■ Study material ■
┌────────

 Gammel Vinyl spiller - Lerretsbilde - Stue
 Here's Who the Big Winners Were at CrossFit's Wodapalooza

└────────
┌────────

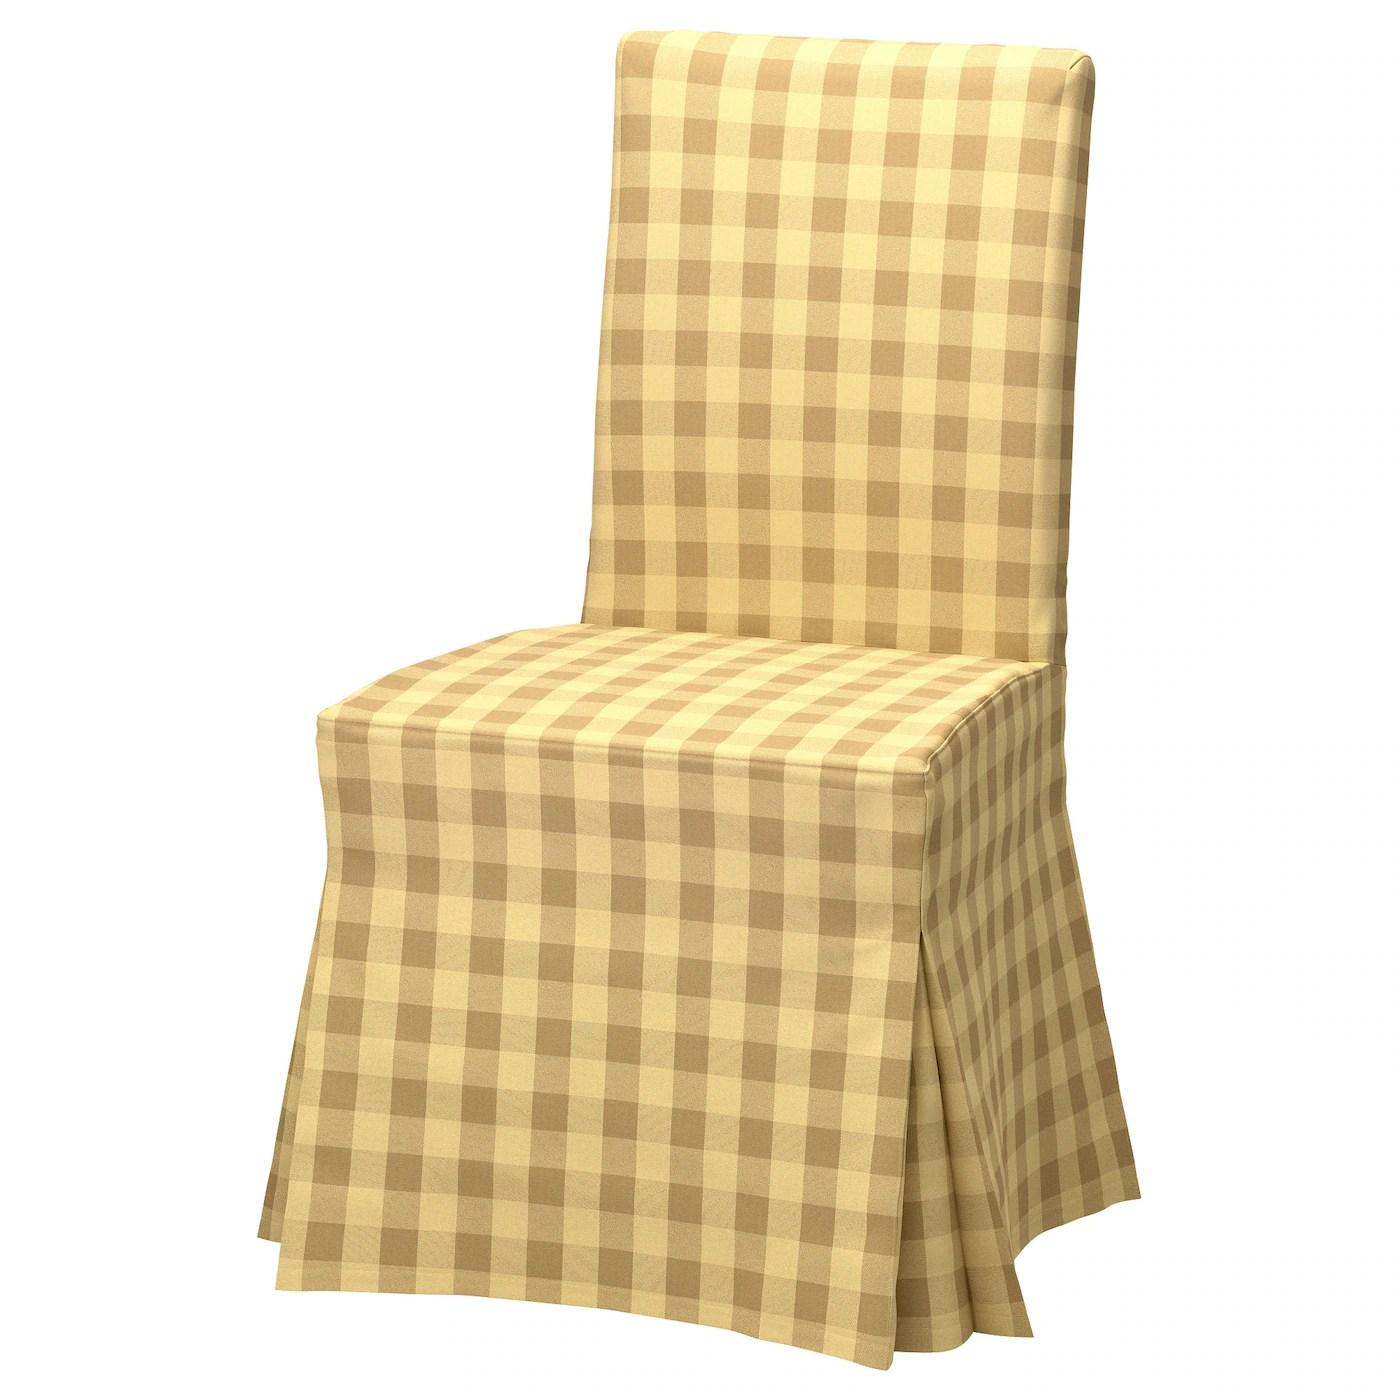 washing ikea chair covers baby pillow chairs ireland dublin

└────────

■ What is needed ■
Every line above from the line with "Gammel Vinyl spiller - Lerretsbilde - Stue" to the line with "Here's Who the", inclusive, must be returned exactly; no other line belongs in the reply.

■ Solution to the exercise ■
 Gammel Vinyl spiller - Lerretsbilde - Stue
 Here's Who the Big Winners Were at CrossFit's Wodapalooza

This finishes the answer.